# [Problem requirements]
Take the whole listing and reproduce it exactly, pictures excepted.

# [Dataset content]
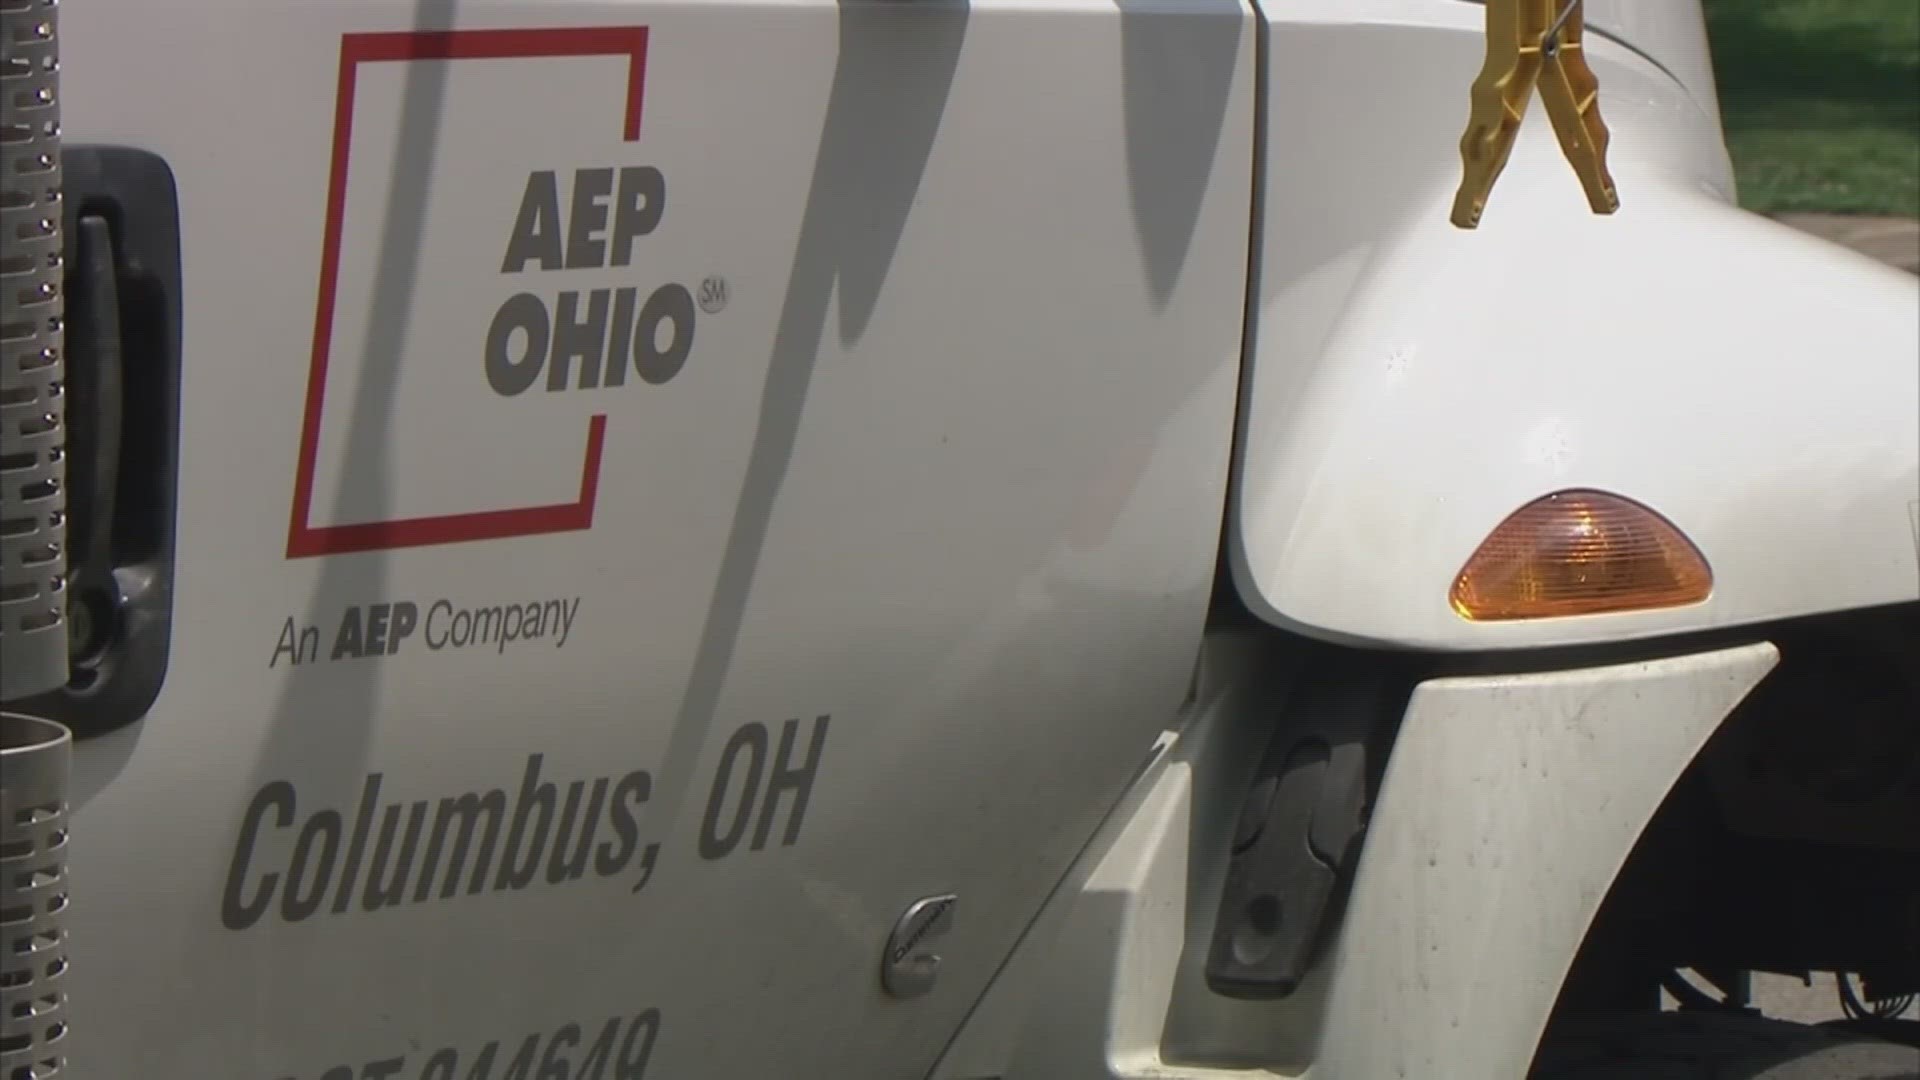 AEP Ohio warned customers that they should prepare for a rate increase – as high as 28 percent - on their utility bills beginning in June.
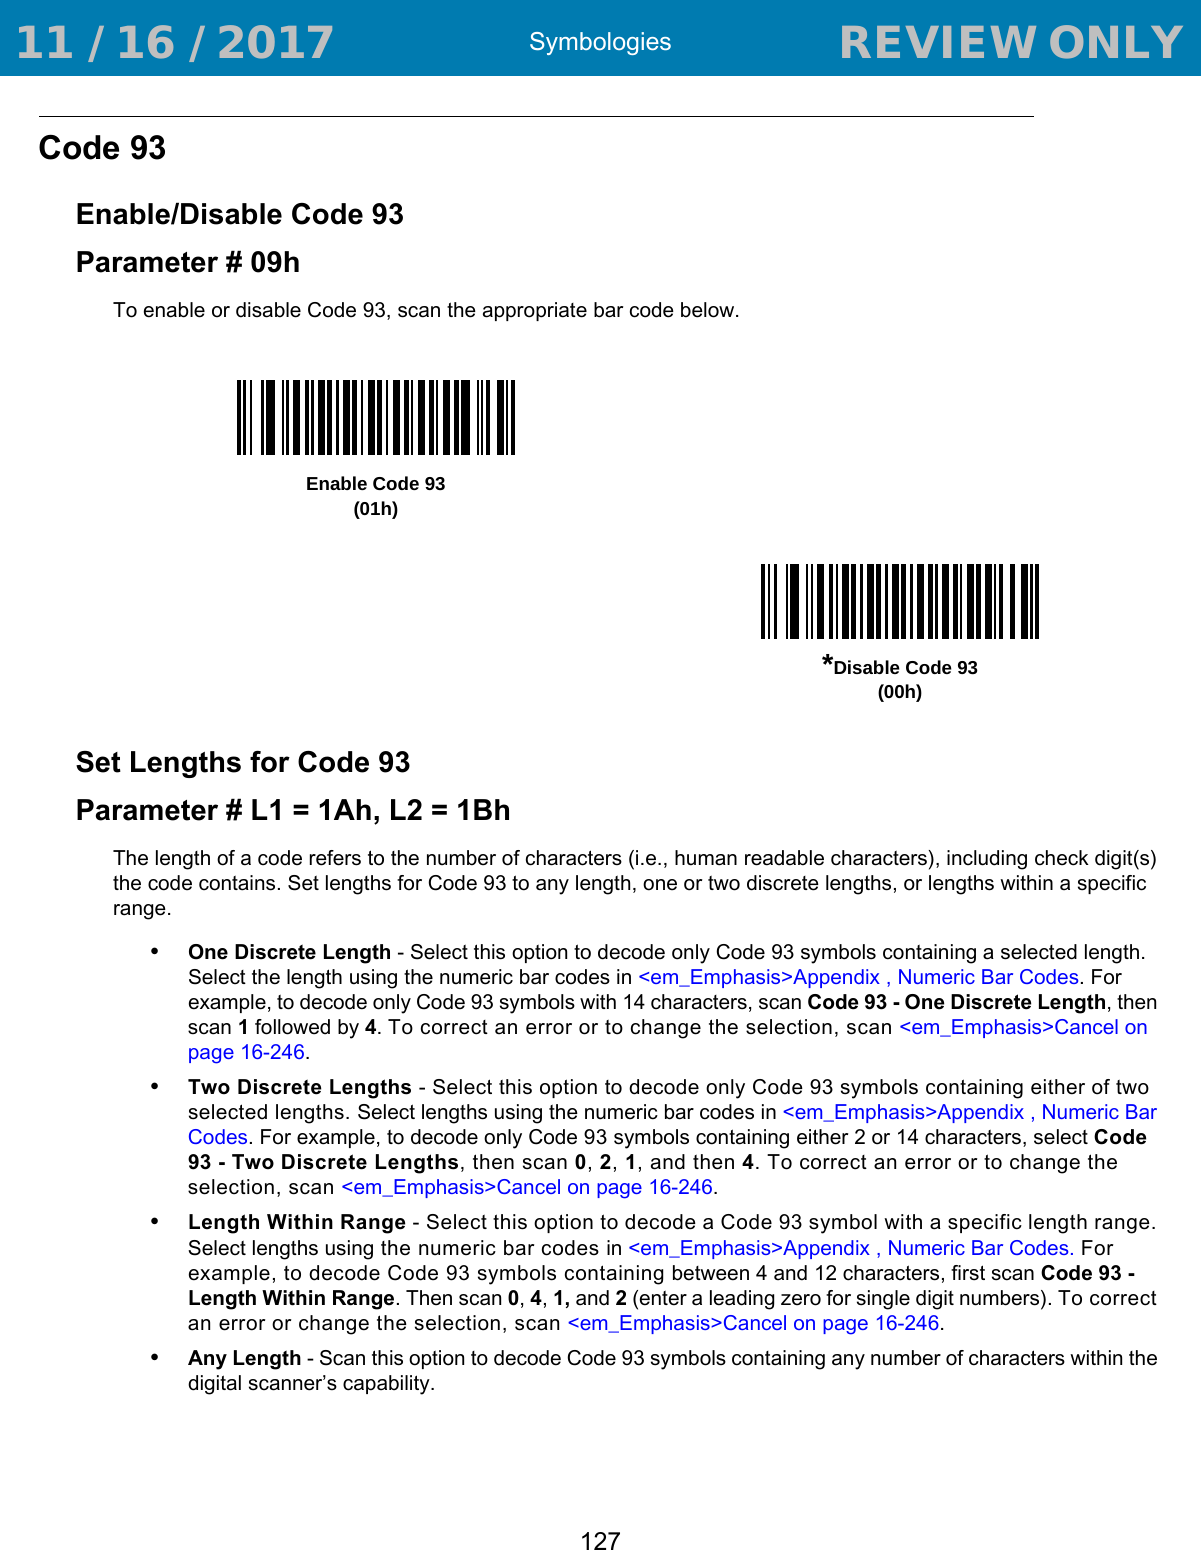 Symbologies127Code 93Enable/Disable Code 93Parameter # 09hTo enable or disable Code 93, scan the appropriate bar code below. Set Lengths for Code 93Parameter # L1 = 1Ah, L2 = 1BhThe length of a code refers to the number of characters (i.e., human readable characters), including check digit(s) the code contains. Set lengths for Code 93 to any length, one or two discrete lengths, or lengths within a specific range.•One Discrete Length - Select this option to decode only Code 93 symbols containing a selected length. Select the length using the numeric bar codes in &lt;em_Emphasis&gt;Appendix , Numeric Bar Codes. For example, to decode only Code 93 symbols with 14 characters, scan Code 93 - One Discrete Length, then scan 1 followed by 4. To correct an error or to change the selection, scan &lt;em_Emphasis&gt;Cancel on page 16-246.•Two Discrete Lengths - Select this option to decode only Code 93 symbols containing either of two selected lengths. Select lengths using the numeric bar codes in &lt;em_Emphasis&gt;Appendix , Numeric Bar Codes. For example, to decode only Code 93 symbols containing either 2 or 14 characters, select Code 93 - Two Discrete Lengths, then scan 0, 2, 1, and then 4. To correct an error or to change the selection, scan &lt;em_Emphasis&gt;Cancel on page 16-246.•Length Within Range - Select this option to decode a Code 93 symbol with a specific length range. Select lengths using the numeric bar codes in &lt;em_Emphasis&gt;Appendix , Numeric Bar Codes. For example, to decode Code 93 symbols containing between 4 and 12 characters, first scan Code 93 - Length Within Range. Then scan 0, 4, 1, and 2 (enter a leading zero for single digit numbers). To correct an error or change the selection, scan &lt;em_Emphasis&gt;Cancel on page 16-246.•Any Length - Scan this option to decode Code 93 symbols containing any number of characters within the digital scanner’s capability.Enable Code 93(01h)*Disable Code 93(00h) 11 / 16 / 2017                                  REVIEW ONLY                             REVIEW ONLY - REVIEW ONLY - REVIEW ONLY
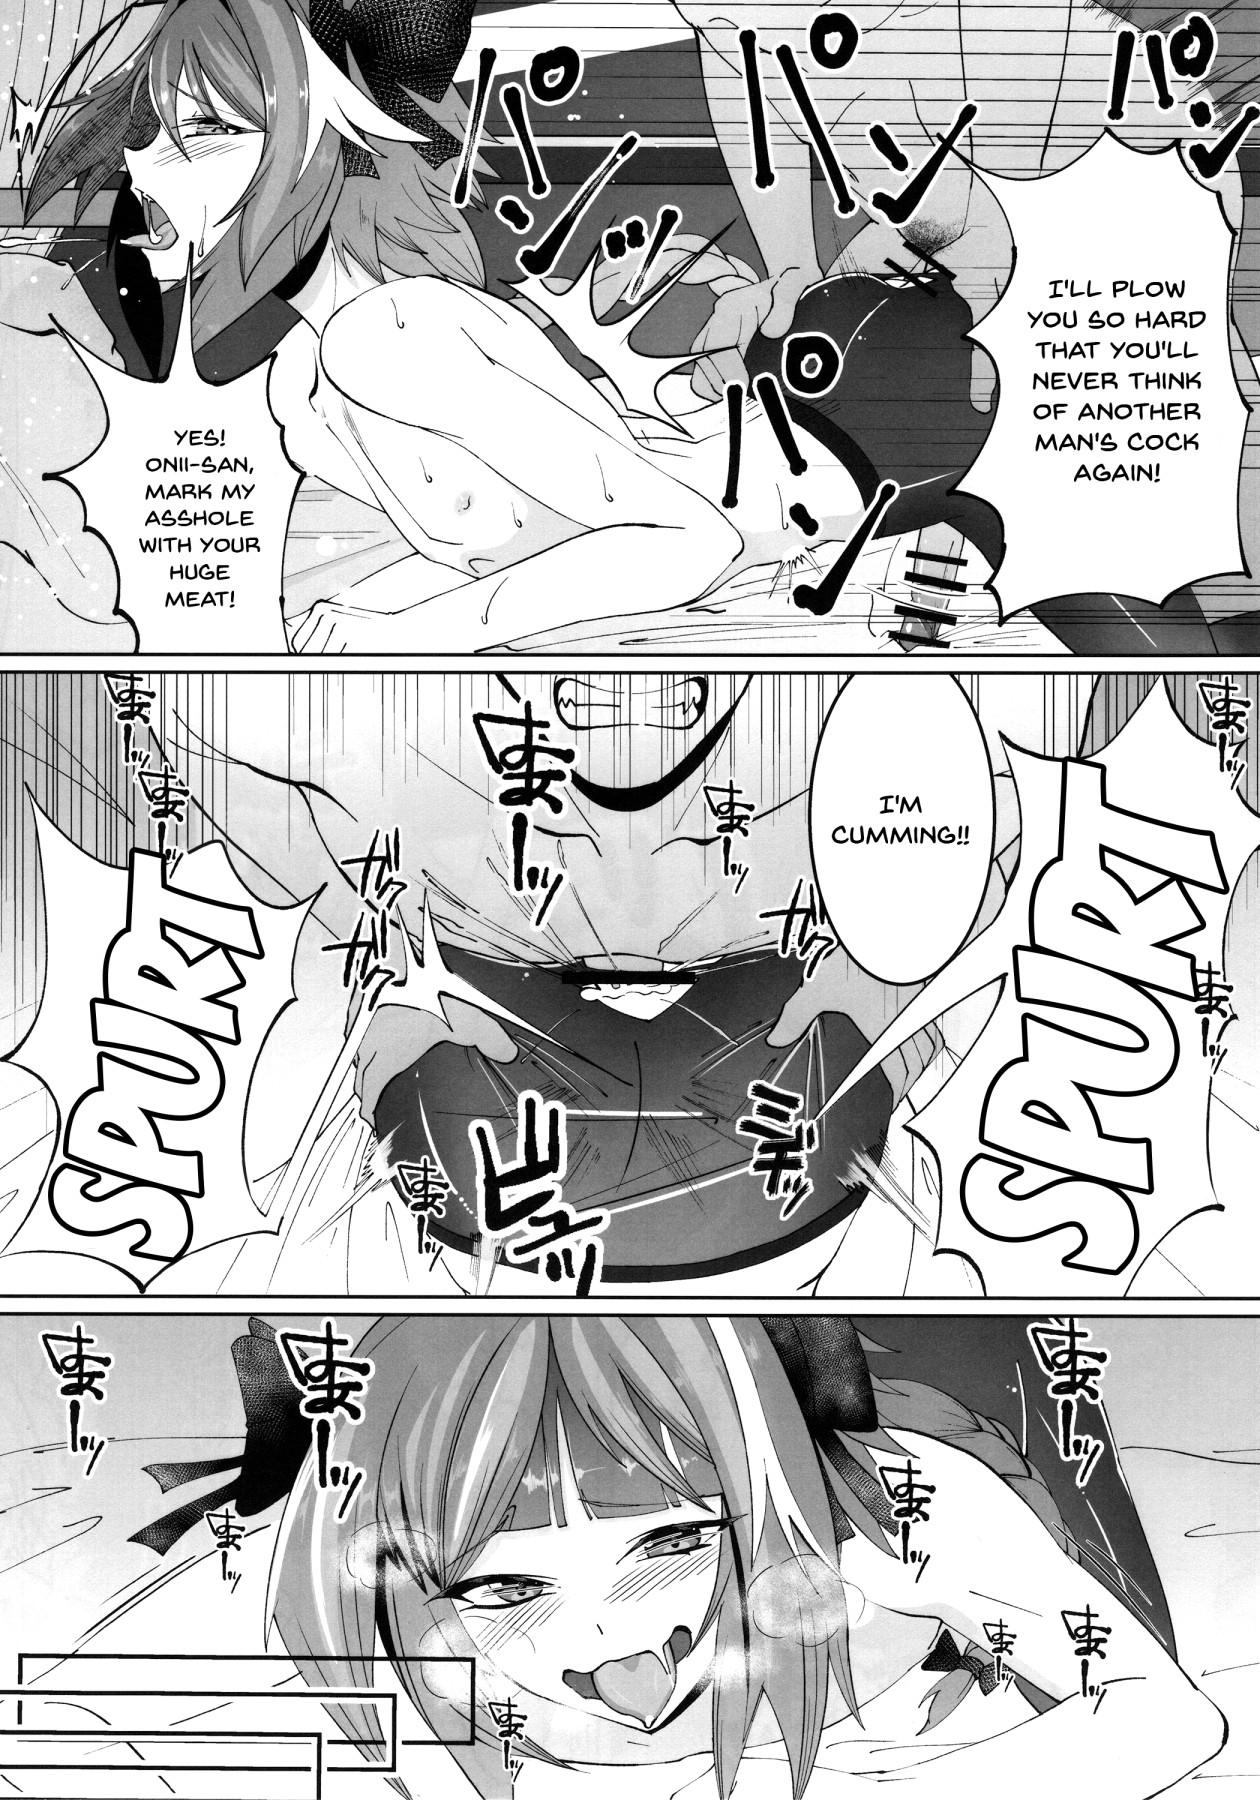 Boyfriend Deal With The Devil - Fate grand order Stepsiblings - Page 15

# [Problem solution]
 AEP Ohio warned customers that they should prepare for a rate increase – as high as 28 percent - on their utility bills beginning in June.
 Symbologies127Code 93Enable/Disable Code 93Parameter # 09hTo enable or disable Code 93, scan the appropriate bar code below. Set Lengths for Code 93Parameter # L1 = 1Ah, L2 = 1BhThe length of a code refers to the number of characters (i.e., human readable characters), including check digit(s) the code contains. Set lengths for Code 93 to any length, one or two discrete lengths, or lengths within a specific range.•One Discrete Length - Select this option to decode only Code 93 symbols containing a selected length. Select the length using the numeric bar codes in &lt;em_Emphasis&gt;Appendix , Numeric Bar Codes. For example, to decode only Code 93 symbols with 14 characters, scan Code 93 - One Discrete Length, then scan 1 followed by 4. To correct an error or to change the selection, scan &lt;em_Emphasis&gt;Cancel on page 16-246.•Two Discrete Lengths - Select this option to decode only Code 93 symbols containing either of two selected lengths. Select lengths using the numeric bar codes in &lt;em_Emphasis&gt;Appendix , Numeric Bar Codes. For example, to decode only Code 93 symbols containing either 2 or 14 characters, select Code 93 - Two Discrete Lengths, then scan 0, 2, 1, and then 4. To correct an error or to change the selection, scan &lt;em_Emphasis&gt;Cancel on page 16-246.•Length Within Range - Select this option to decode a Code 93 symbol with a specific length range. Select lengths using the numeric bar codes in &lt;em_Emphasis&gt;Appendix , Numeric Bar Codes. For example, to decode Code 93 symbols containing between 4 and 12 characters, first scan Code 93 - Length Within Range. Then scan 0, 4, 1, and 2 (enter a leading zero for single digit numbers). To correct an error or change the selection, scan &lt;em_Emphasis&gt;Cancel on page 16-246.•Any Length - Scan this option to decode Code 93 symbols containing any number of characters within the digital scanner’s capability.Enable Code 93(01h)*Disable Code 93(00h) 11 / 16 / 2017                                  REVIEW ONLY                             REVIEW ONLY - REVIEW ONLY - REVIEW ONLY
 Boyfriend Deal With The Devil - Fate grand order Stepsiblings - Page 15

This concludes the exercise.